Find the line that contains "Width: 6.00 mm". Then set down that line and all the lines after it, to the end of the records, exactly and with nothing added.

**** Data extract ****

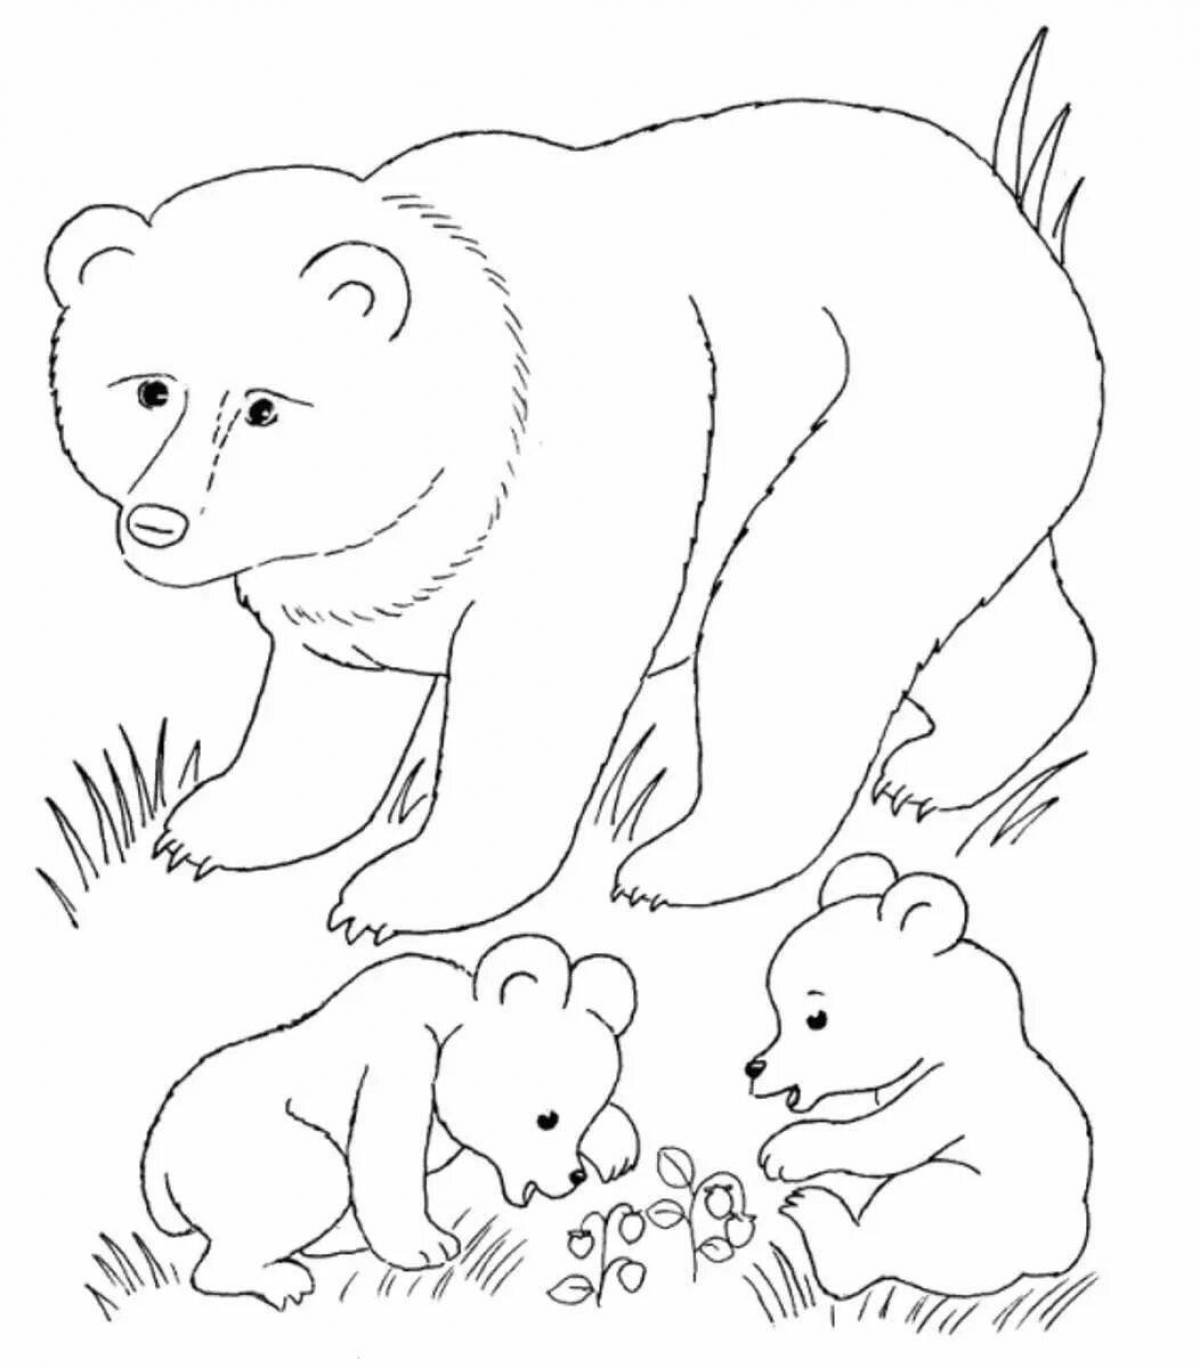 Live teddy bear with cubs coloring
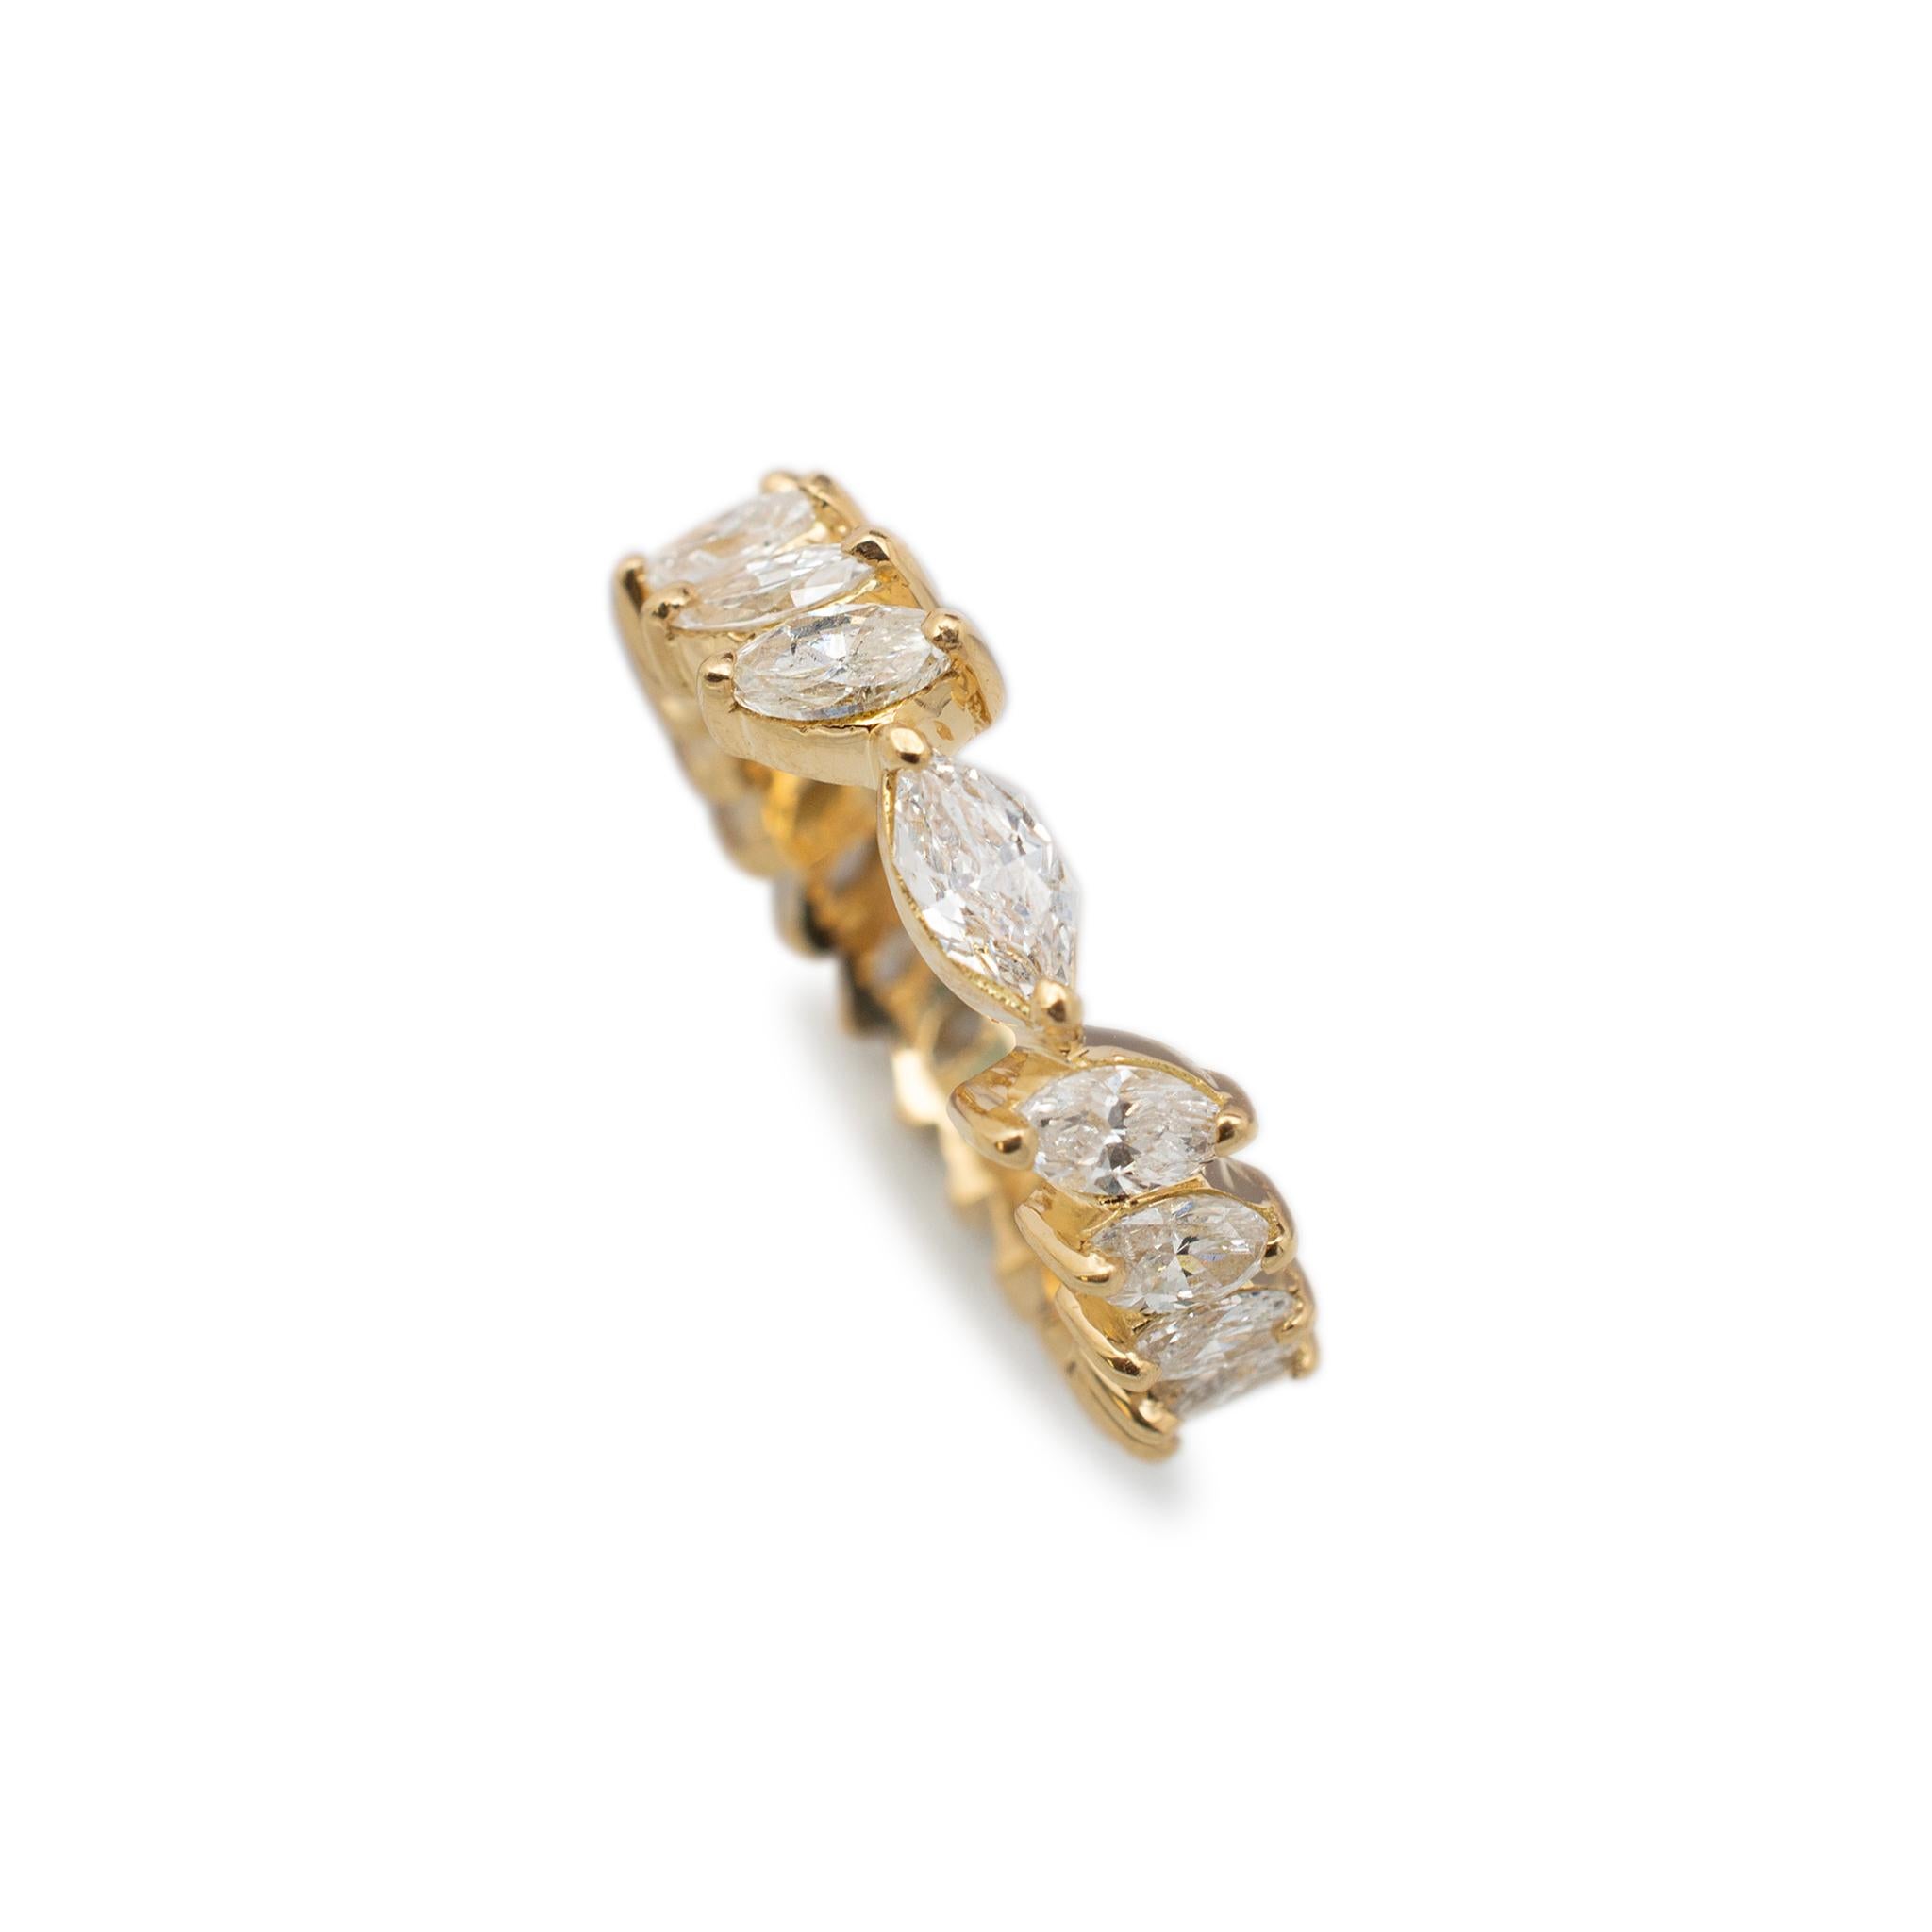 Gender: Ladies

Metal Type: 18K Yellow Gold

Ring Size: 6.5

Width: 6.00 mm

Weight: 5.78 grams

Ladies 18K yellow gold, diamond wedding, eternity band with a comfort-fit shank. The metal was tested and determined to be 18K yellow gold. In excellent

****

Answer space:
Width: 6.00 mm

Weight: 5.78 grams

Ladies 18K yellow gold, diamond wedding, eternity band with a comfort-fit shank. The metal was tested and determined to be 18K yellow gold. In excellent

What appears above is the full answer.